ERIC Number: ED229357
Record Type: RIE
Publication Date: 1983-Apr
Reference Count: 0
Differences in Job Satisfaction of Athletic Coaches in Revenue and Non-Revenue Sports.
Evans, Virden; And Others
A study investigated whether or not the job satisfaction of athletic coaches is influenced by the fact that their sports were revenue or nonrevenue producing. A revenue sport was identified as one being able to sustain itself financially within the university (baseball, football, basketball). Nonrevenue sports were identified as tennis, swimming, golf, and field and track. Head coaches from 95 colleges responded to a personal data sheet and a 50-item job satisfaction questionnaire. Findings revealed: (1) Coaches of nonrevenue sports had higher work demand satisfaction; (2) Coaches of revenue sports achieved higher mean scores on job satisfaction; (3) Coaches of revenue sports were more satisfied with the administration/organizational phase of their job; (4) Most of the coaches were dissatisfied with their salary; (5) Both groups were fairly satisfied with their job security; (6) Both groups were satisfied with their personal initiative on the job; (7) Coaches in revenue sports were more satisfied with the recognition they received; (8) Both groups were fairly satisfied with the racial balance in their working environments and organizational aspects of their jobs; and (9) The coaches overall were satisfied with their jobs.
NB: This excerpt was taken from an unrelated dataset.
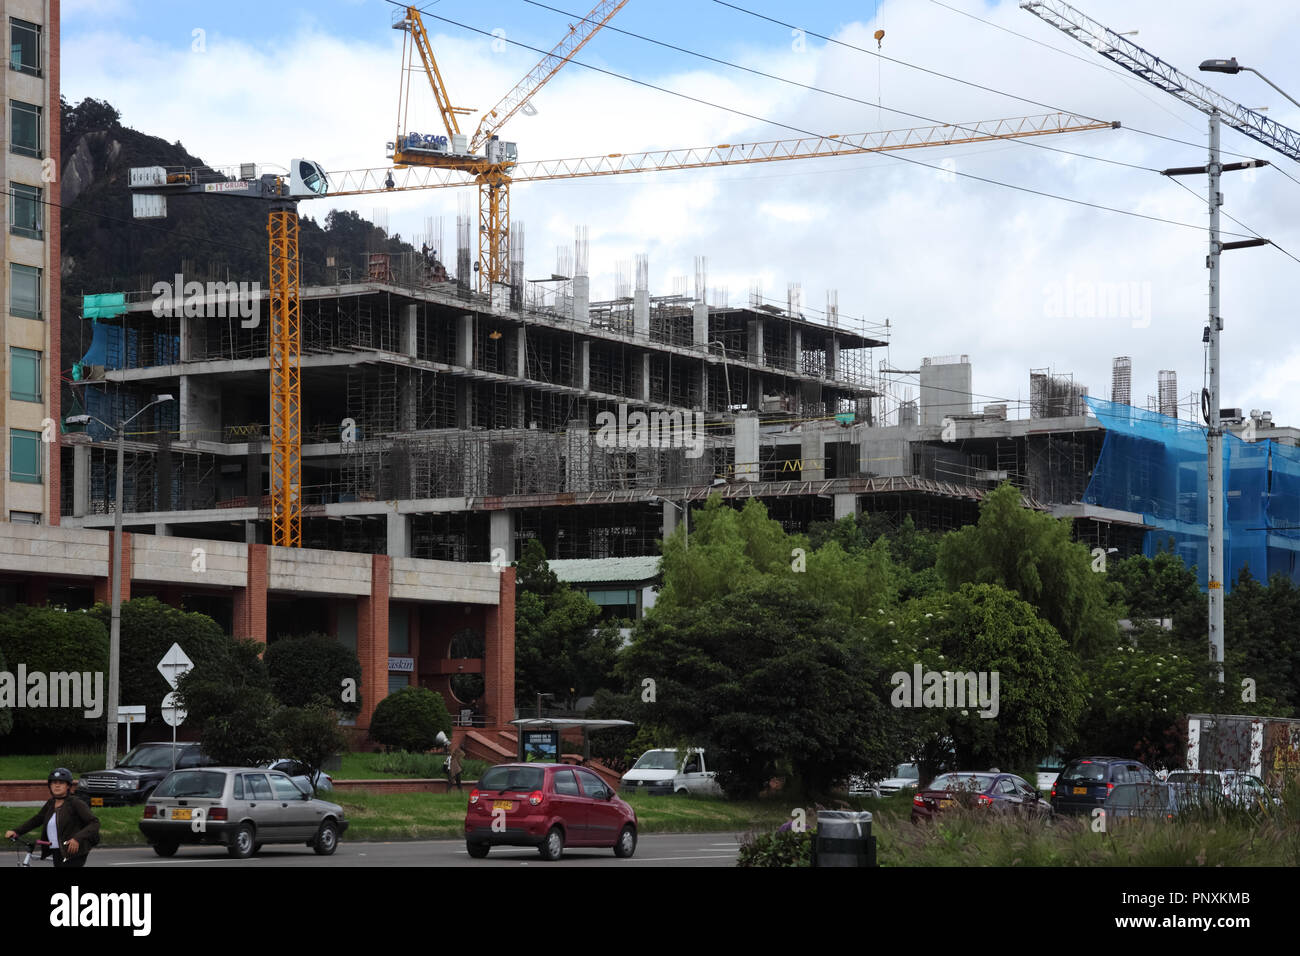 Bogota, Colombia - May 20, 2017: Construction on the Andes in the El Bosque Area as viewed from Carrera Novena, or translated, Avenue 9. Stock Photo
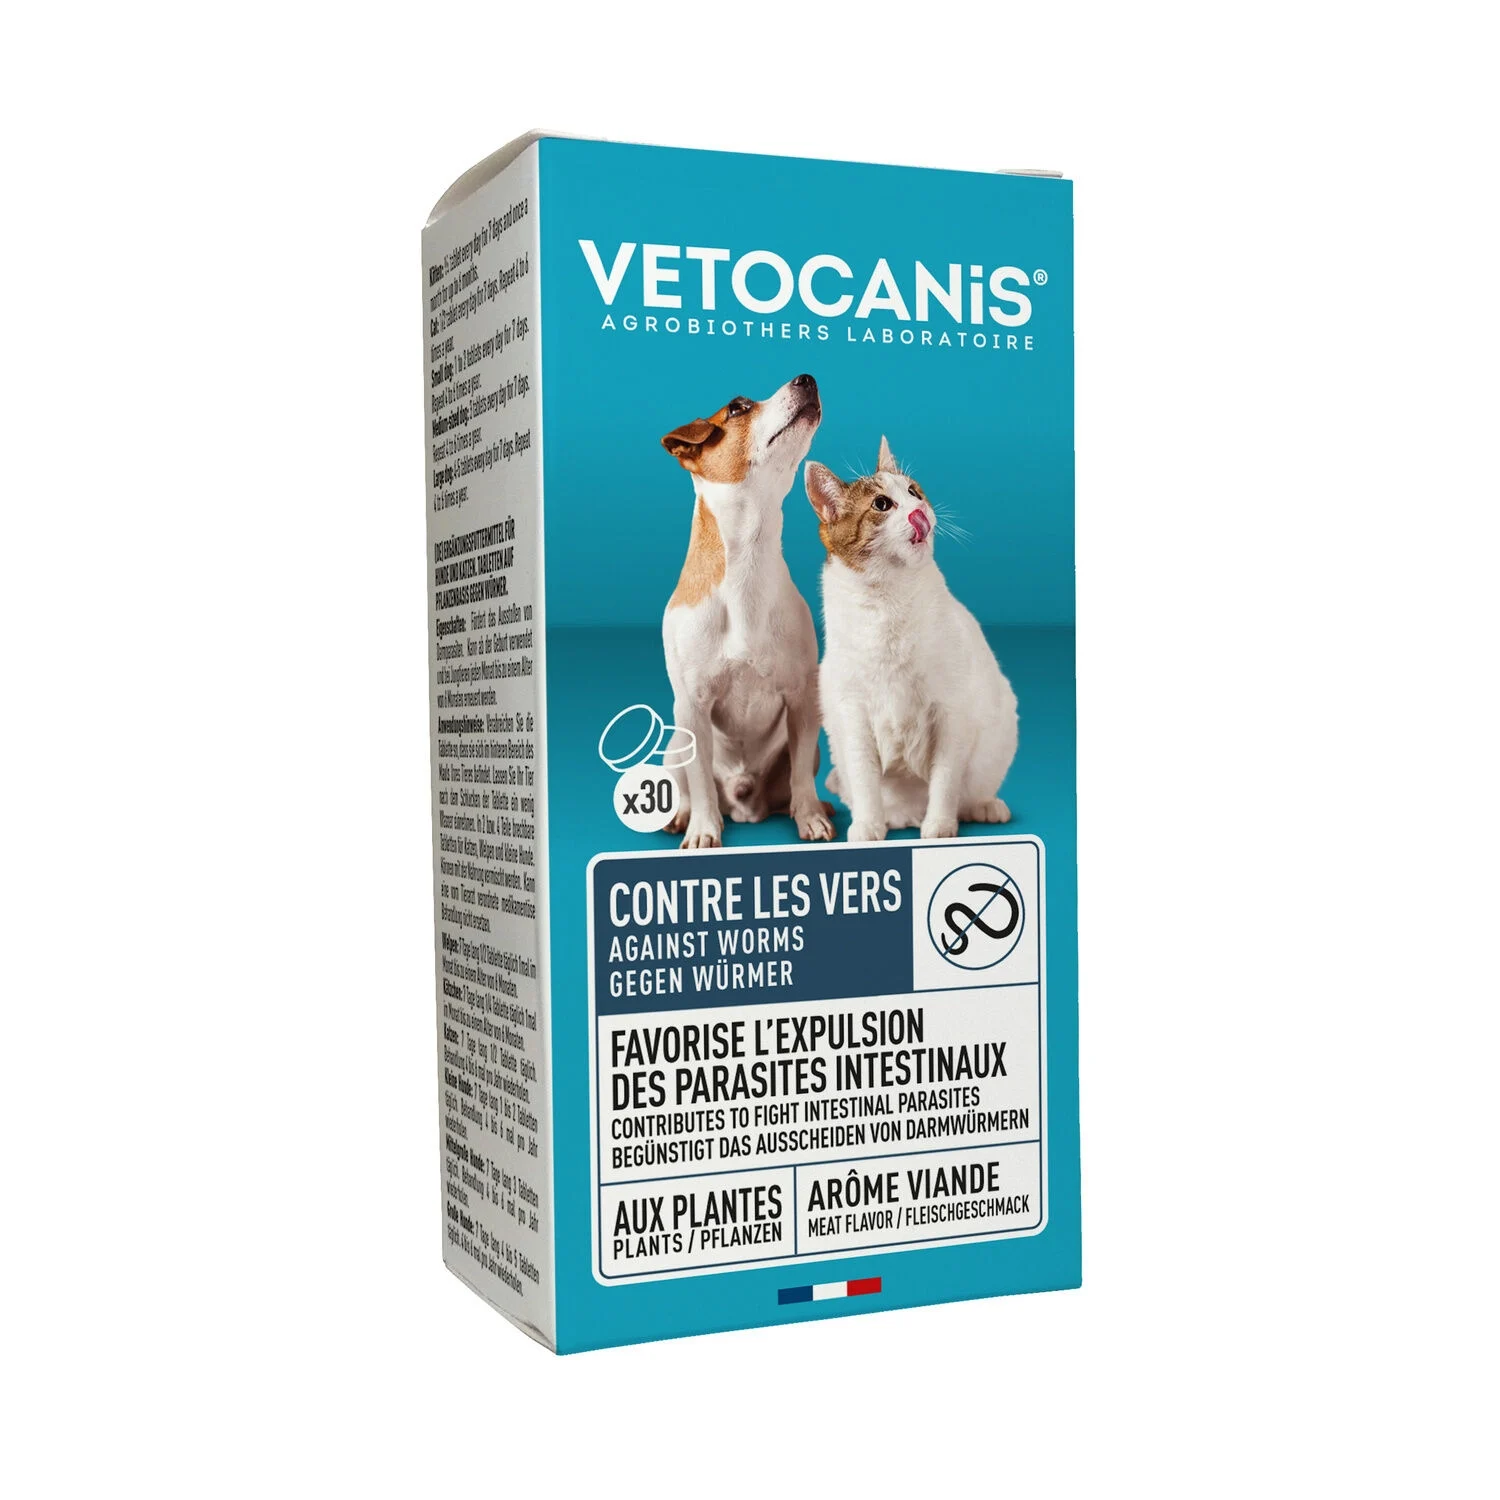 Canifuxe Tablet, Purge For Dogs And Cats Against Worms - Vetocanis

Implications for school administrators are discussed. (JD)
Publication Type: Speeches/Meeting Papers; Reports - Research
Education Level: N/A
Authoring Institution: N/A
Identifiers: Revenue Producing Sports
Note: Paper presented at the Annual Meeting of the American Alliance for Health, Physical Education, Recreation and Dance (Minneapolis, MN, April 7-10, 1983).